DATA605_HW11

HW 11

Using the “cars” dataset in R, build a linear model for stopping distance as a function of speed and replicate the analysis of your textbook chapter 3 (visualization, quality evaluation of the model, and residual analysis.)

cars <- cars

# Data Visualization
plot(cars)

# Or using the function example from the book
plot(cars[,"speed"],cars[,"dist"], main="cars",
    xlab="speed", ylab="dist")

This figure shows that the distance tends to increases as the speed of the car increases.

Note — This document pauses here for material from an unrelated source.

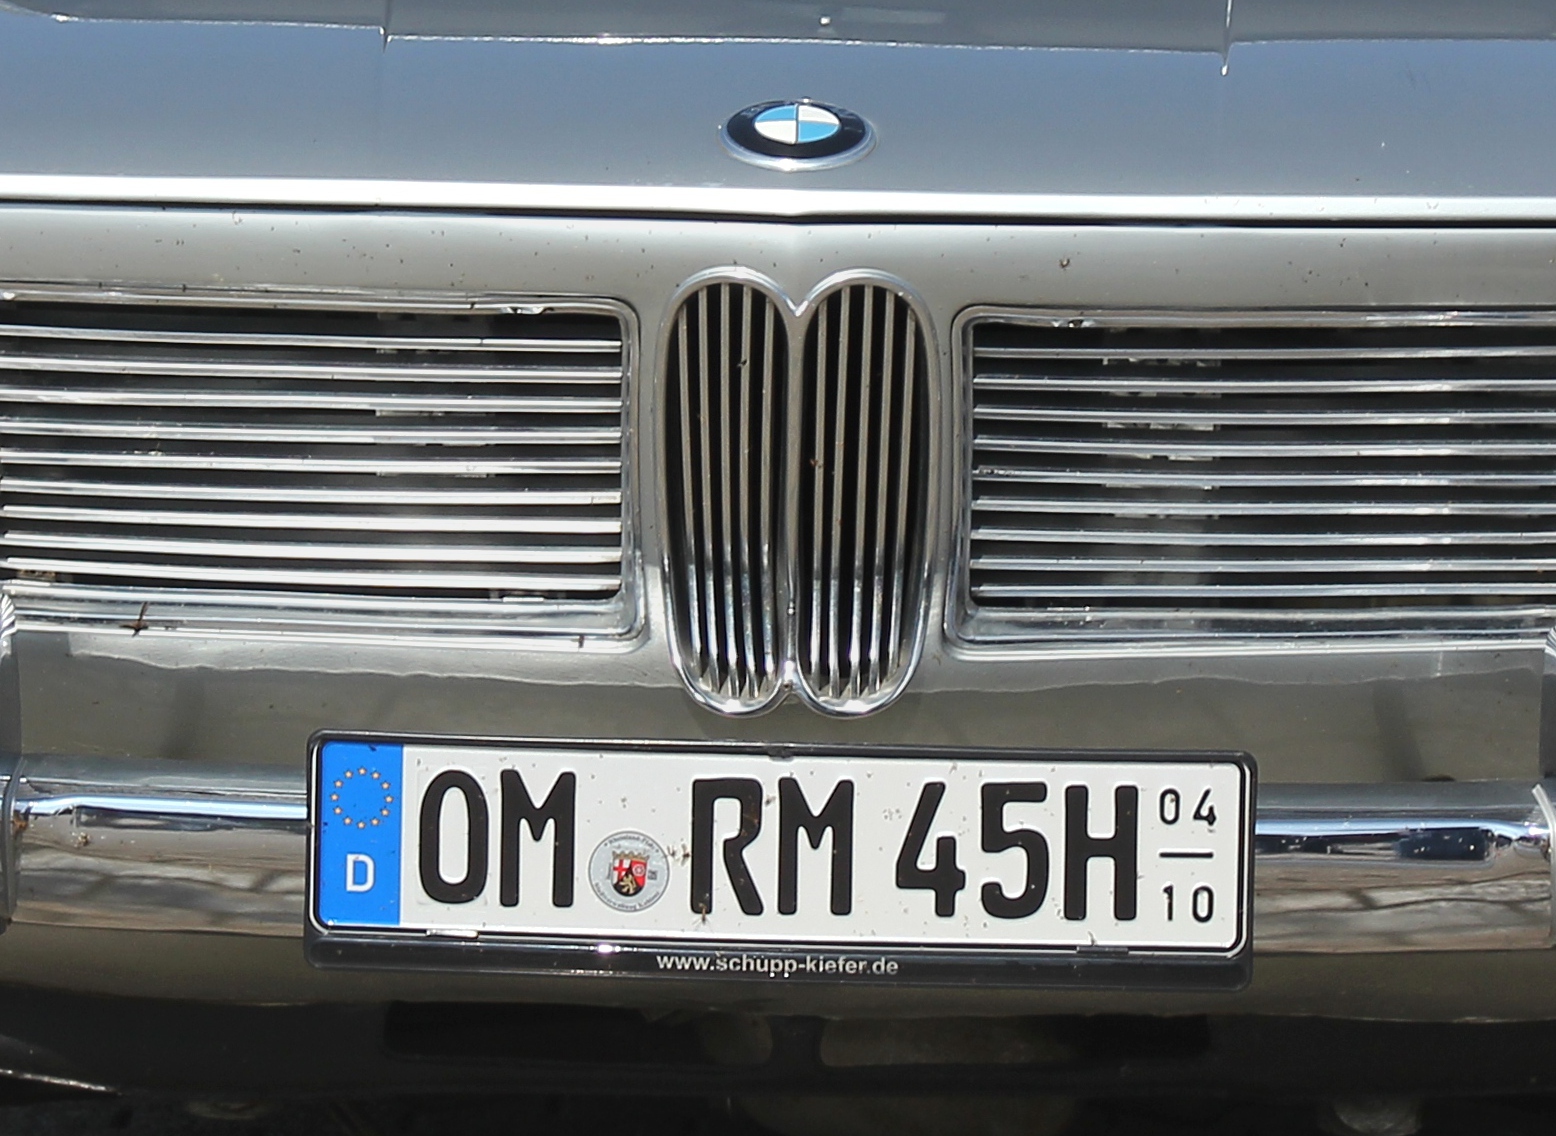 https://upload.wikimedia.org/wikipedia/commons/2/26/BMW_1800%2C_Front_-_Grill_%282018-06-03_Sp%29.JPG

Next we develop a regression model that will help us quantify the degree of linearity in the relationship between the output (distance) and the predictor (speed).

# Linear model
cars.lm <- lm(dist ~ speed, data=cars)

cars.lm

## 
## Call:
## lm(formula = dist ~ speed, data = cars)
## 
## Coefficients:
## (Intercept)        speed  
##     -17.579        3.932

We can represent the output in the following linear equation:

\[ \text{Stopping Distance} = -17.579 + 3.932 \times \text{Speed} \]

The coefficients tell us:

• The intercept is -17.579. This value represents the expected stopping distance when the speed is 0. However, in reality, a negative stopping distance isn’t meaningful, and this negative intercept likely reflects the limitations of using a simple linear model for this data.

• The slope of the speed is \(3.932\). This coefficient represents the average increase in stopping distance for each additional mile per hour in speed.

According to this model, if you increase the speed by 1 mph, the stopping distance increases by 3.932 feet on average.

# Plotting the model
plot(dist ~ speed, data=cars)
abline(cars.lm, col="red")

When we superimpose a straight line on this scatter plot, we see that the relationship between the predictor (speed) and the output (distance) is roughly linear. It is not per- fectly linear, however. As the speed increases, we see an increase in the distance required to stop the car.

# Evaluating the Quality of the Model
summary(cars.lm)

## 
## Call:
## lm(formula = dist ~ speed, data = cars)
## 
## Residuals:
##     Min      1Q  Median      3Q     Max 
## -29.069  -9.525  -2.272   9.215  43.201 
## 
## Coefficients:
##             Estimate Std. Error t value Pr(>|t|)    
## (Intercept) -17.5791     6.7584  -2.601   0.0123 *  
## speed         3.9324     0.4155   9.464 1.49e-12 ***
## ---
## Signif. codes:  0 '***' 0.001 '**' 0.01 '*' 0.05 '.' 0.1 ' ' 1
## 
## Residual standard error: 15.38 on 48 degrees of freedom
## Multiple R-squared:  0.6511, Adjusted R-squared:  0.6438 
## F-statistic: 89.57 on 1 and 48 DF,  p-value: 1.49e-12

We look at the residual values reported by summary(), a good model would tend to have a median value near zero, minimum and maximum values of roughly the same magnitude, and first and third quartile values of roughly the same magnitude.

For this model, the residual values are not too far off what we would expect for Gaussian- distributed numbers.

The standard error for the speed coefficient is much lower than the coefficient itself (ratio of 3.9324/0.4155 ≈ 9.4), indicating a reliable estimate for speed’s effect on stopping distance (a1).

The standard error for the intercept (a0) at 6.7584 is large compared to the intercept value of -17.5791, suggesting less certainty about the intercept’s value. This may impact the model’s accuracy for predictions outside the data range.

Despite this, the precise estimation of the speed coefficient gives us confidence in the model within the observed data range.

The residual standard error of 15.38 indicates the average distance that the data points are from the fitted line.

The model explains 65.11% of the variance (Multiple R-squared), and after adjusting for the number of predictors, it’s 64.38% (Adjusted R-squared).

The F-statistic of 89.57 with a highly significant p-value (around 0) suggests the model fits the data well, and the relationship between speed and stopping distance is statistically significant.

# Residual Analysis
plot(fitted(cars.lm),resid(cars.lm))

In this plot, we see that the residuals tend to increase as we move to the right. Additionally, the residuals are not uniformly scattered above and below zero. Overall, this plot tells us that using the speed as the sole predictor in this regression model may not sufficiently or fully explain our data.

# Quantile-quantile test
qqnorm(resid(cars.lm))
qqline(resid(cars.lm))

Viewing this plot, we don’t see the risduals diverge significantly from the line. This behavior indicates that the residuals are normally distributed.

# An alternate way to visualize
par(mfrow=c(2,2))
plot(cars.lm)

Further more, based on the Q-Q plot, the data appears to be approximately normally distributed. The residuals mostly follow the reference line, indicating that their distribution is not far from normal. However, there are a few points towards the ends that deviate slightly from the line, which is common in real-world data.